Fig. 3. Schematic view of the “aging mouse” project. Mice were maintained from adult to advanced age under standard laboratory conditions, or under treatment with either rapamycin or caloric restriction. Samples were then collected to analyze via RNA sequencing, mass spectrometry and ribosome footprint sequencing. The computational analysis revealed molecular pathways that are affected in either of the three conditions relative to adult mice, and in the majority of cases, the changes brought by aging were reverted by the treatments. However, rapamycin had additional effects on metabolism and caloric restriction on protein synthesis. The model suggested by these results is shown in the right panel.
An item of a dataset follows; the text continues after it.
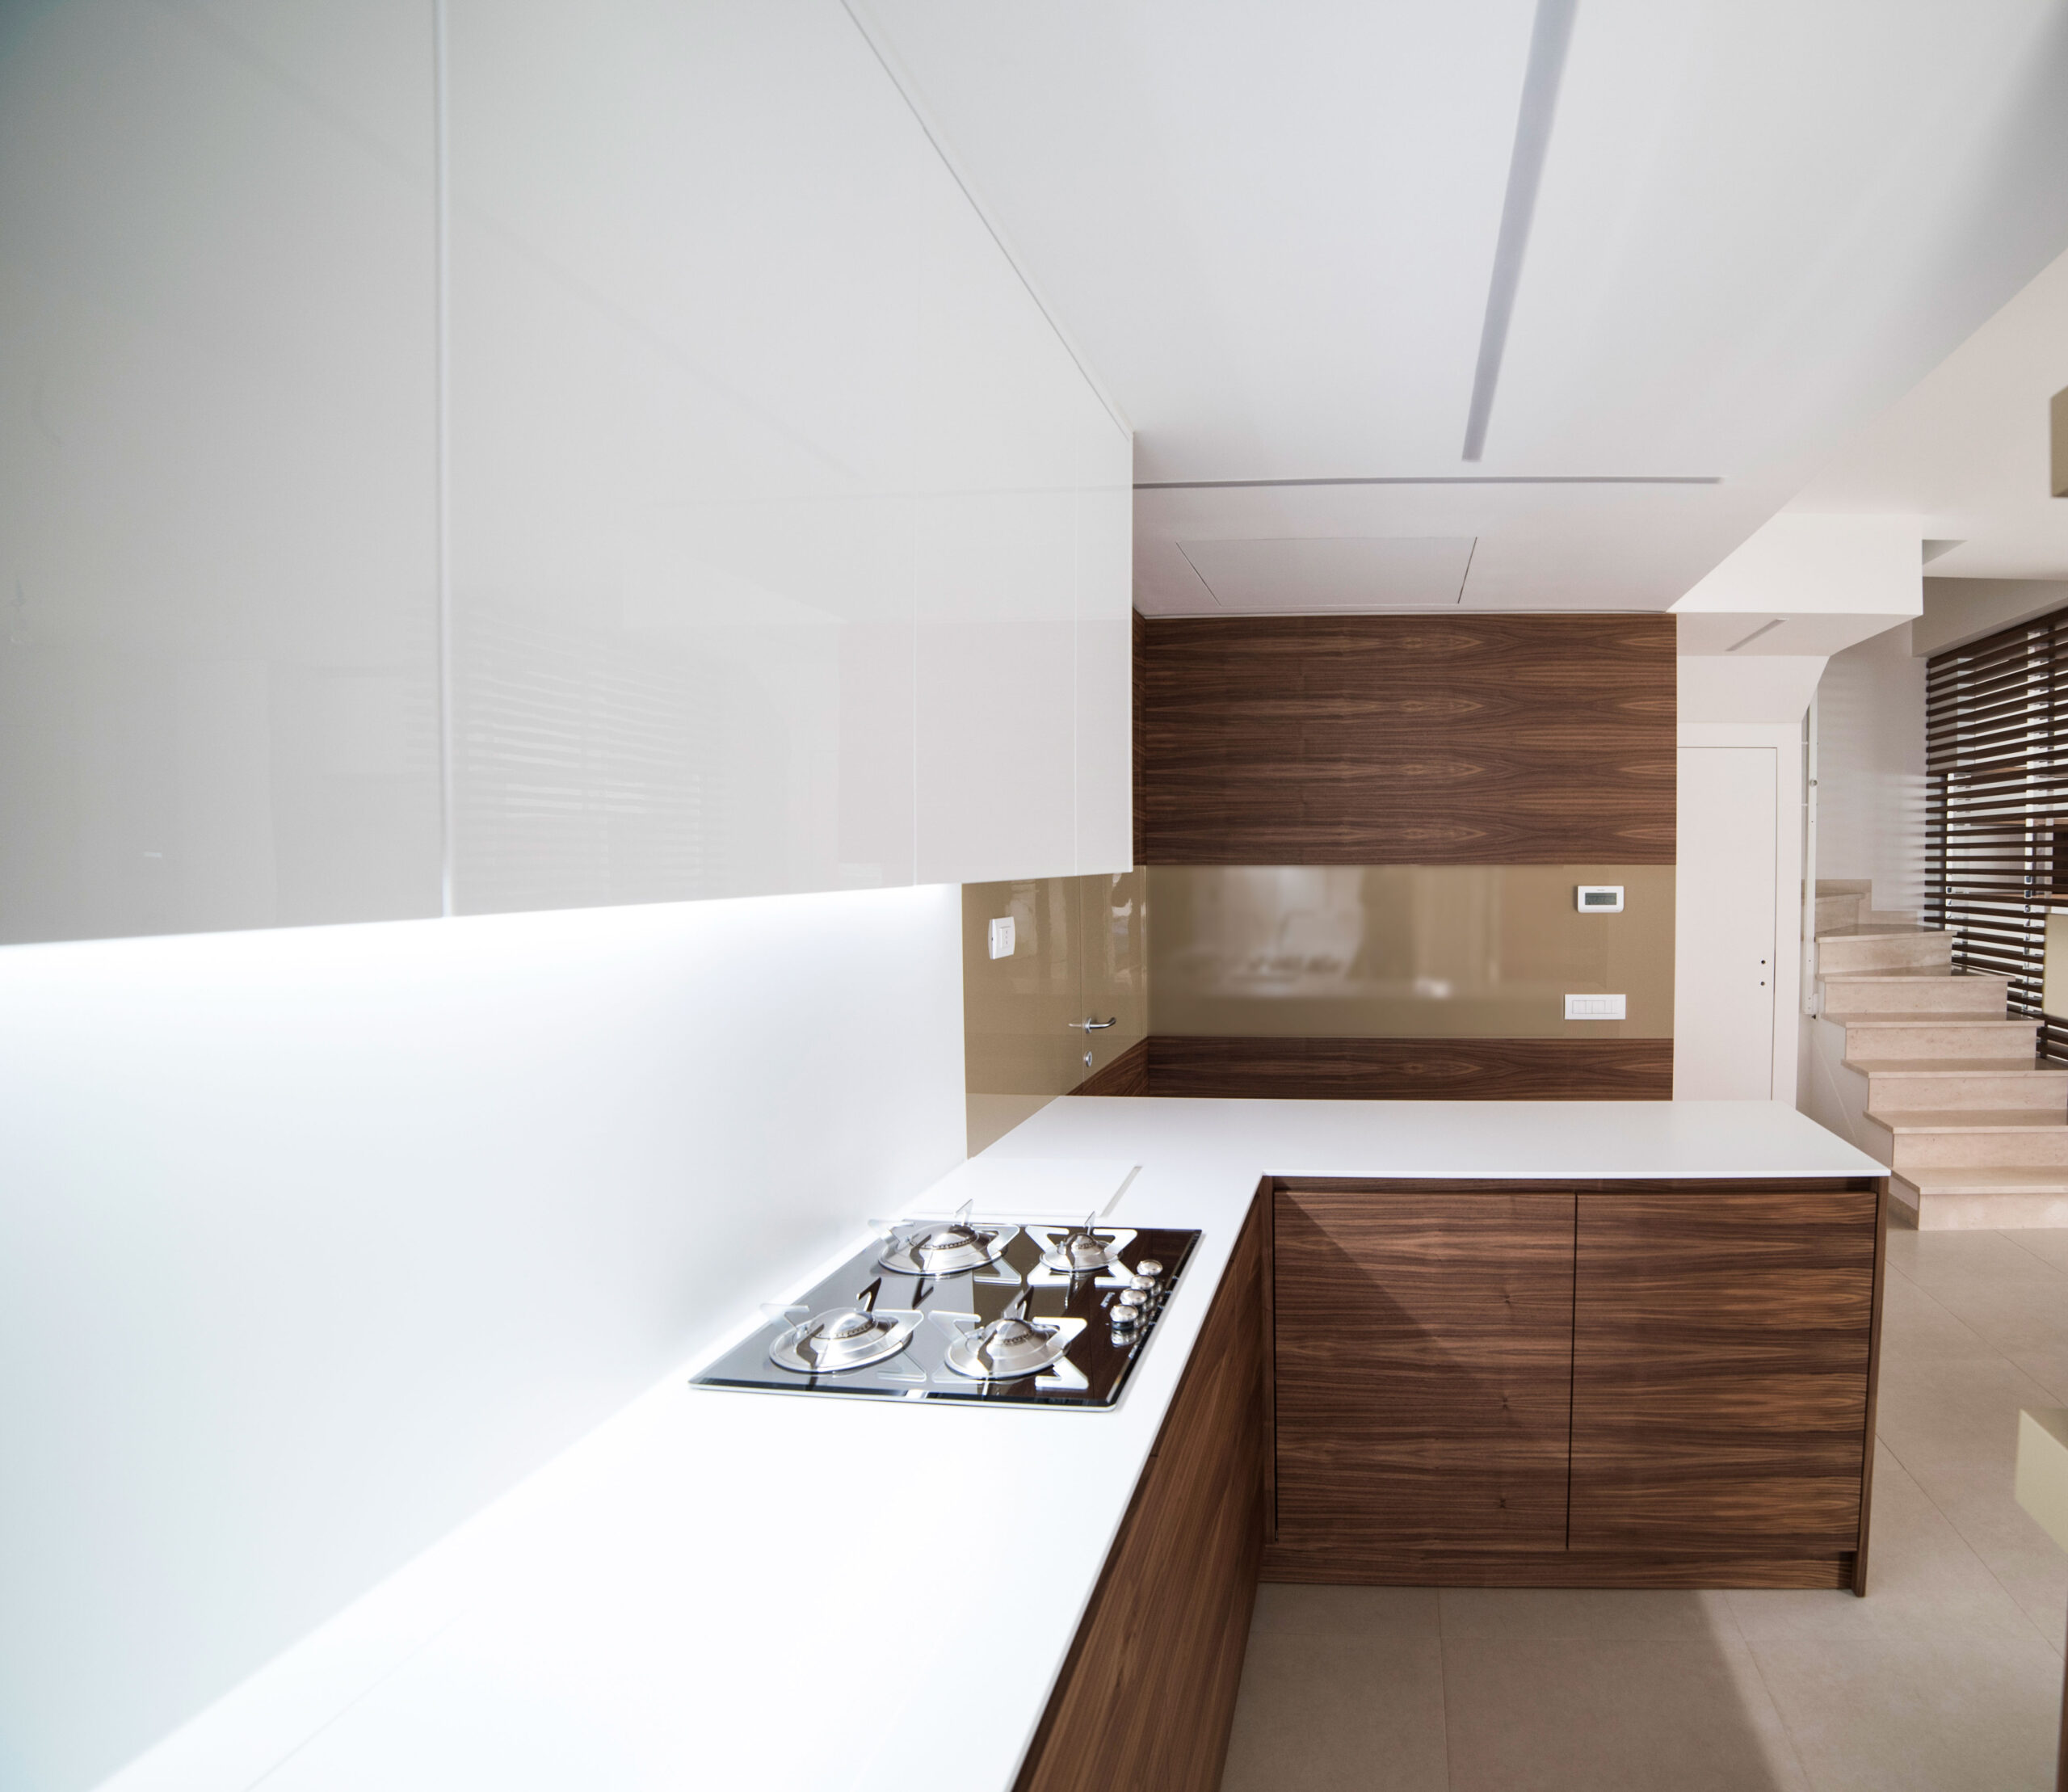 NAPA design kitchen in walnut made in Italy by Disegnopiu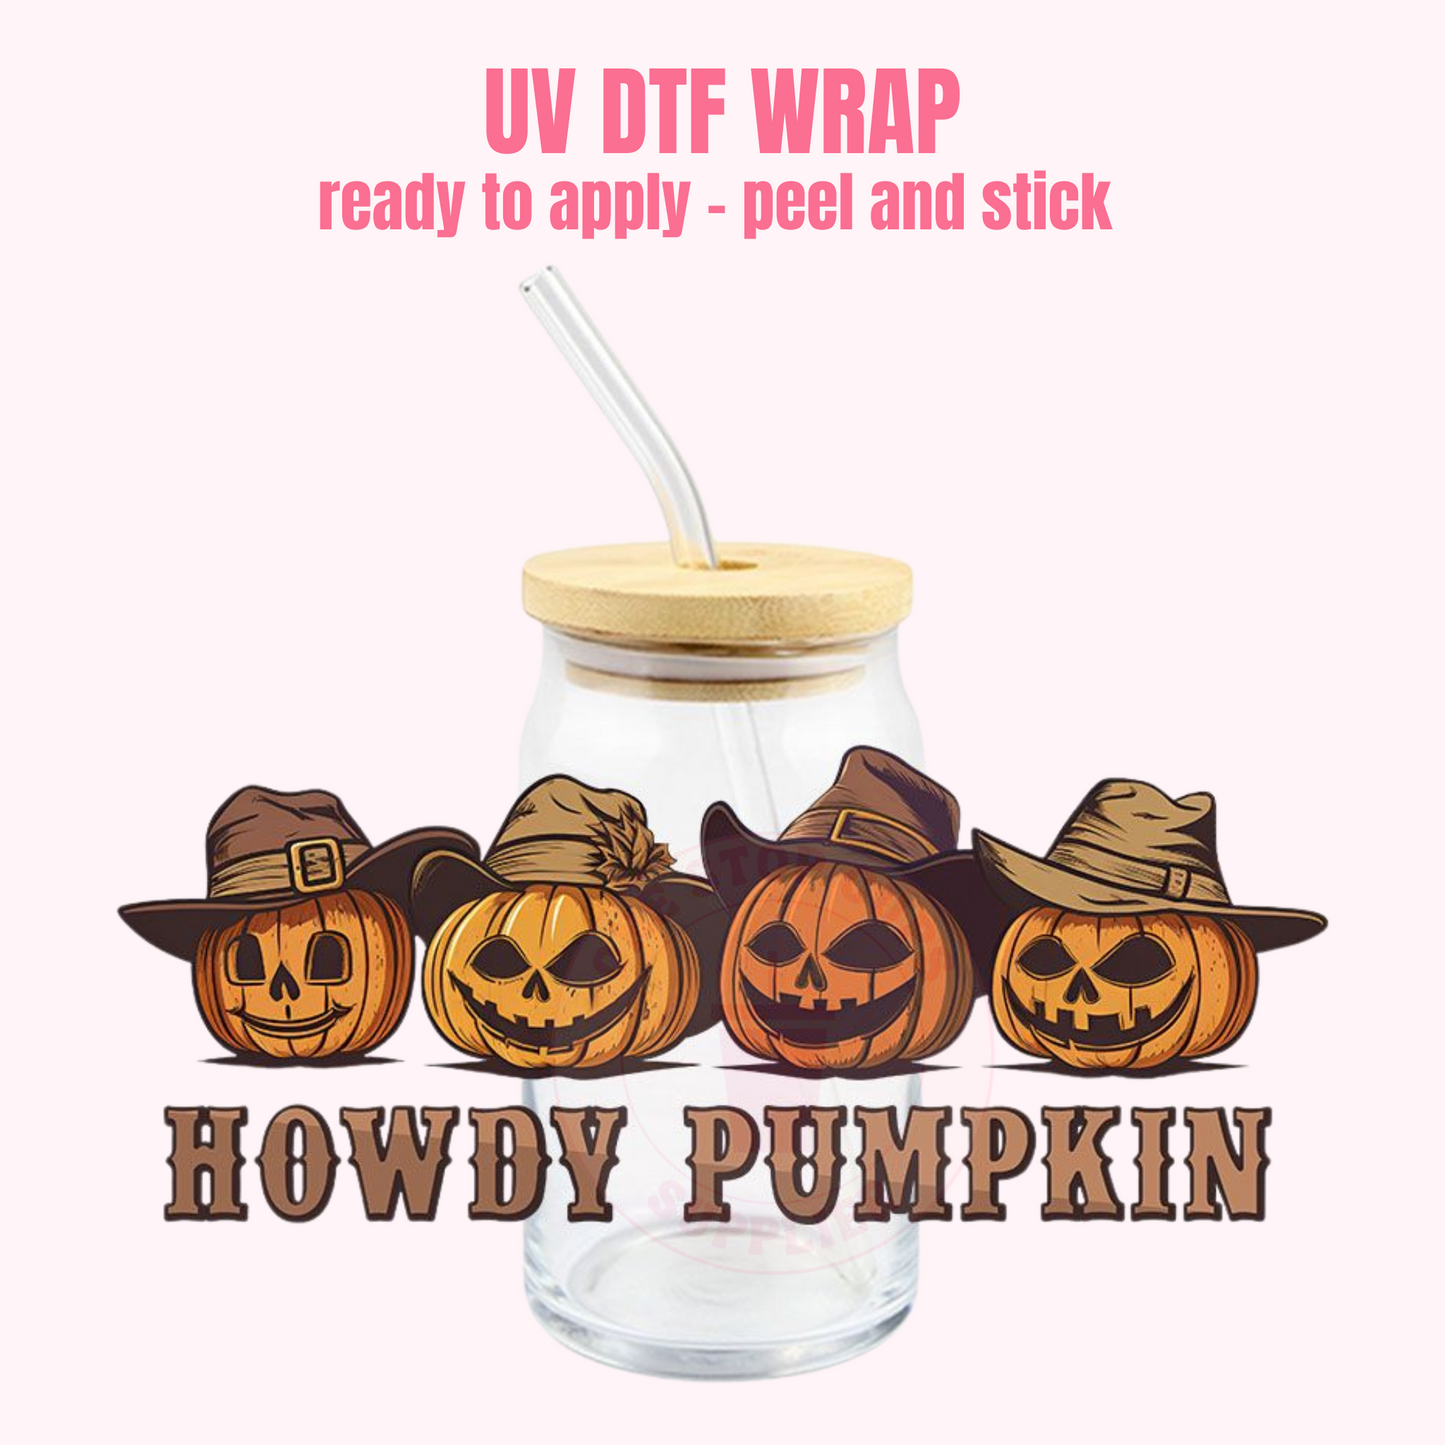 UV DTF CUP WRAP Howdy Pumpkin H12

Automation, reproducibility, open science
The volume of data generated in a study has increased immensely in the past decade. Thus, we are undertaking efforts to facilitate the transparent, reproducible and efficient analysis of high-throughput data sets. Probably the most broadly used high-throughput technique is RNA sequencing. Although RNA-seq is employed in the large majority of molecular biology studies, the molecular biologists do not yet have sufficient tools to assess the quality of their data and obtain a basic summary that can inform subsequent analyses and experiments. To meet this need we have developed ZARP (Zavolan-Lab Automated RNA-Seq Pipeline), a generic RNA-Seq analysis pipeline that allows users to process and analyze Illumina short-read sequencing libraries with minimum effort. ZARP combines publicly available bioinformatics tools according to our extensive experience in the analysis of RNA-seq data, generating reports of sample quality metrics as well as functional annotation.
We are also working on setting up a workspace (frontend and backend) that allows users to run computational analysis workflows (Snakemake and Nextflow in particular) on the sciCORE infrastructure, based on community-wide standards set by the Global Alliance for Genomics and Health.